Just because you don't have these theme of intrusive thought doesn't men others don't. It sounds like you have a different subtype (contamination OCD) then some of the ones she mentioned (harm and sexual OCD). Just because you don't experience these types of intrusive thoughts doesn't mean other people with OCD don't. And this video can help the people it applies to.
You don’t have ocd then
Your fear of getting sick if you touch certain things etc is irrational by definition...

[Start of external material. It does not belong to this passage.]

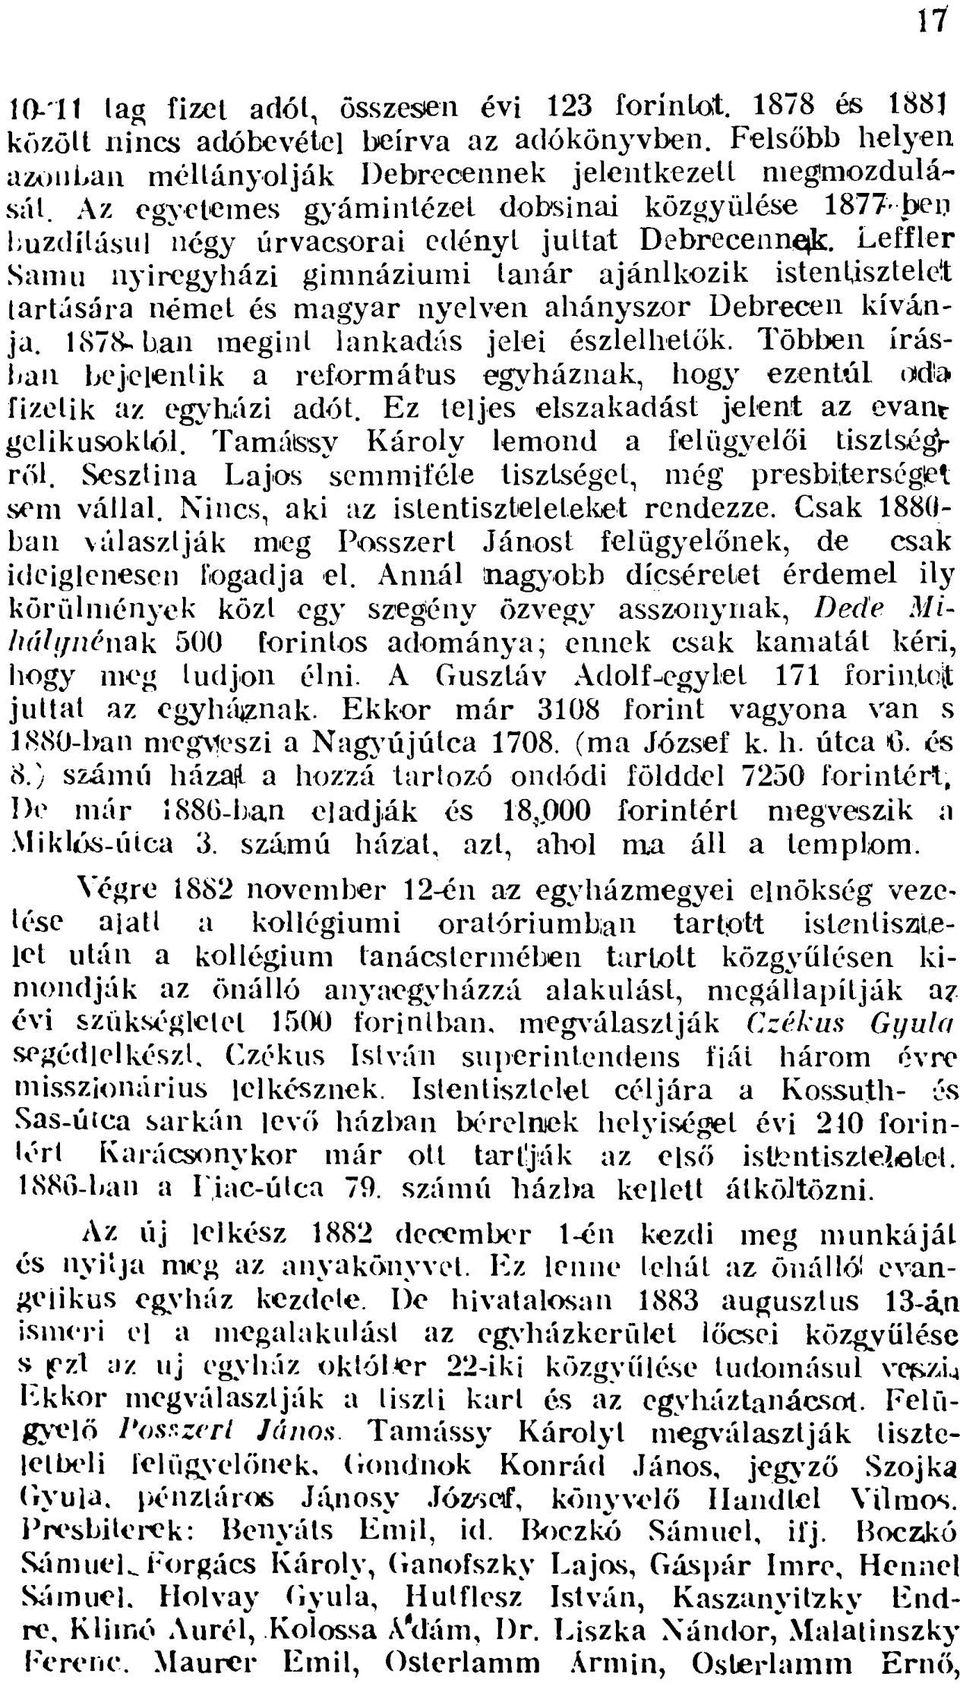 Leffler Samu nyíregyházi gimnáziumi tanár ajánlkozik istentisztelet tartására német és magyar nyelven ahányszor Debrecen kívánja. 1878-ban megint lankadás jelei észlelhetők.

obsessional. Other people with OCD have different obsessive thoughts. But what you all have in common is your *response* to those thoughts - anxiety and irrational modes of behavior.. OCD is an anxiety disorder. Your fear of contamination causes anxiety yes? Avoiding touching objects is a compulsive behavior yes?
You are trying to use logic to make sense of your fear - the random person on the train cannot be avoided - AND NOR SHOULD THEY BE!!
You are inadvertently trivializing the experiences of other OCD sufferers - instead of seeing them as your allies. If it was simply a matter of them deciding not to act out their thoughts (which they do anyway), instead of enduring many years of psychological and emotional pain, there would be no such thing as OCD!! You need to study more and realize that OCD presents itself in many different ways.